= Ted Petok =

American animator

Theodore M. Petok (1917–2010) was an American cartoonist, illustrator, animator and film producer. Joe Petrovich, Len Maxwell, and he won the Academy Award for Best Animated Short Film in 1972 for The Crunch Bird.

==Career==
After graduating from school in 1934, Petok attended an art school in Chicago, but stayed there only six months and then worked as a cartoonist for various New York newspapers. In 1935 he returned to Detroit, where he worked as an advertising artist for a local advertising company. After the end of the Second World War - from 1942 to 1946 he was in the US Army Signal Corps and most recently held the highest rank of captain - Petok opened a studio for advertising graphics in Detroit and specialized in animated advertising.

Petok soon turned completely to animation, initially working at Earl Klein's animation studio, Animation Inc., and eventually joining Ernest Pintoff's Pintoff Studios. In 1969, Petok founded his own animation film studio, Ted Petok Studios, which he renamed Crunch Bird Studios in 1971. He concentrated on traditional hand-drawn animation and, in addition to commercials, also made humorous short cartoons.

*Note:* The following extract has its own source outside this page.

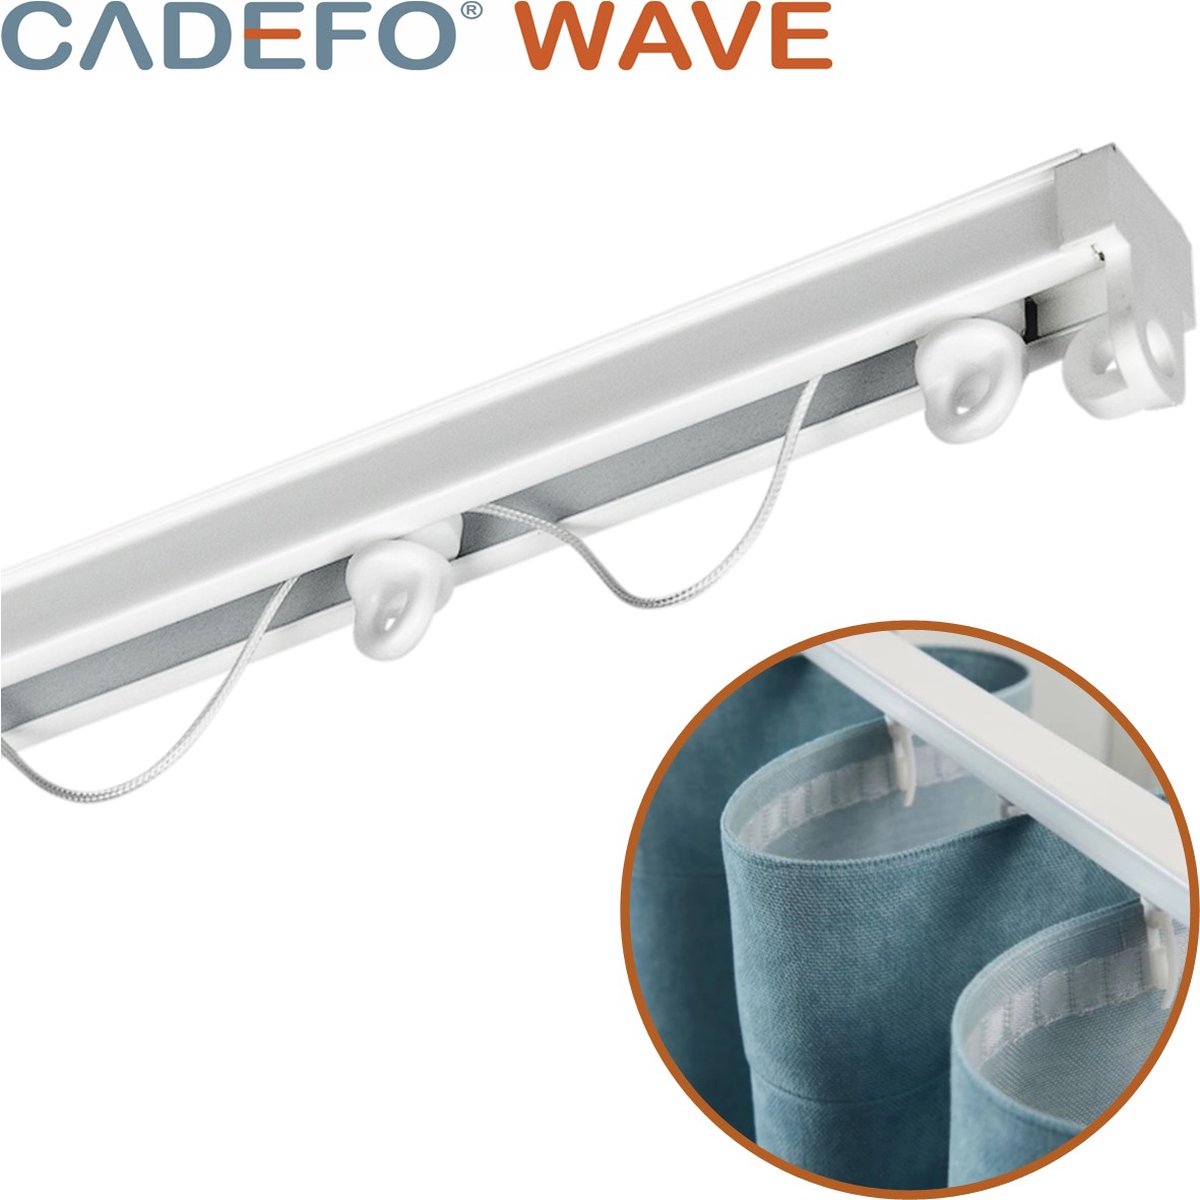 CADEFO WAVE (401 - 450 cm) Gordijnrails - Compleet op maat! - UIT 1 STUK - Leverbaar tot 6 meter - Plafondbevestiging - Lengte 411 cm

Together with Len Maxwell (dubbing) and Joe Petrovich (animation) they created the three-minute animated film The Crunch Bird, which Petok submitted to the Oscar competition as a producer on the advice of a cinema operator from Detroit. The film won the 1971 Academy Award for Best Animated Short Film. In 1975, Crunch Bird II was made as a sequel; In 1981 numerous other short films about the Crunch Bird were released.
Petok produced and animated over two dozen cartoons, created animations for Sesame Street and The Electric Company, and numerous commercials. In 1989 he gave the Crunch Bird Studios to his eldest son.

==Filmography==
- 1971: The Crunch Bird
- 1974: The Mad Baker
- 1975: Crunch Bird II
- 1975: Yeecch
- 1975: Stash
- 1976: The Golfer
- 1981: Yetta the Yenta
- 1981: The Geneticist
- 1981: The Hospital
- 1981: Parrot
- 1981: Charm School
- 1981: You Dirty Bird
- 1981: The Execution
- 1981: The Guru
- 1981: Indians
- 1981: Kink Konk
- 1981: Love
- 1981: Missing You
- 1981: Pet Shop
- 1981: Pollution
- 1981: The Psychiatrist
- 1981: Little Red Riding Hood
- 1981: The Russians
- 1981: Talking Bird
- 1981: Zoo

==Bibliography==
- Theodore (Ted) Petok. In: Jeff Lenburg: Who's who in animated cartoons. Applause, New York 2006, pp. 284–285.
- Joe Rossiter: Ted Petok: Cartoonist won Oscar in '71 for short film. In: Detroit Free Press April 22, 2010, p. 17.